LANSING, MI (WKZO AM/FM) — Volunteers will soon be scouring the roadsides looking for trash during the year’s final Adopt-A-Highway pickup.
Thousands of volunteers in the Michigan Department of Transportation (MDOT) program will be picking up litter along highway roadsides from Saturday, September 26 through Sunday, October 4.
In accordance with Governor Whitmer’s recent executive order, MDOT requires all Adopt-A-Highway volunteers to wear a mask outdoors when they are unable to consistently maintain a distance of 6 feet or more from individuals who are not members of their household.

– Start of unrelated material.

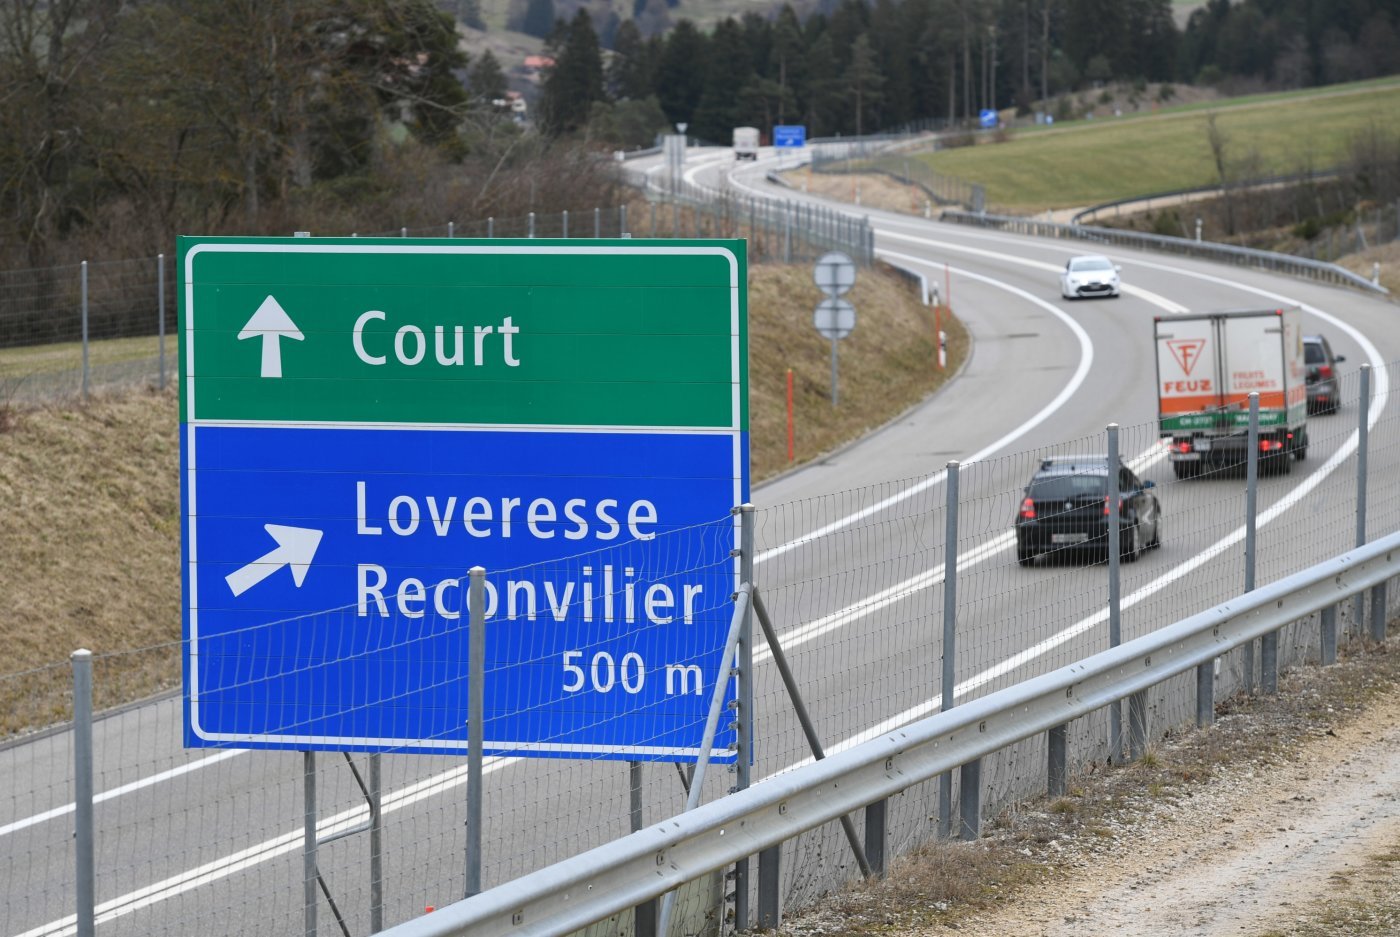 L'autoroute A16 sera fermée entre les jonctions de Tavannes et Loveresse en début de semaine prochaine.

There are normally three scheduled Adopt-A-Highway pickups each year – one each in the spring, summer and fall. A spring pickup period was canceled this year due to coronavirus concerns.
Every year, Adopt-A-Highway volunteers regularly collect more than 60,000 bags of trash. The program began in 1990 and has grown to involve more than 2,750 groups cleaning 6,300 miles of highway.
Motorists should be on the lookout beginning Saturday for volunteers wearing high-visibility, yellow-green safety vests. MDOT provides free vests and trash bags and arranges to haul away the trash.
Volunteers include members of civic groups, businesses and families. Crew members have to be at least 12 years old and each group must number at least three people. Groups are asked to adopt a section of highway for at least two years; there is no fee to participate.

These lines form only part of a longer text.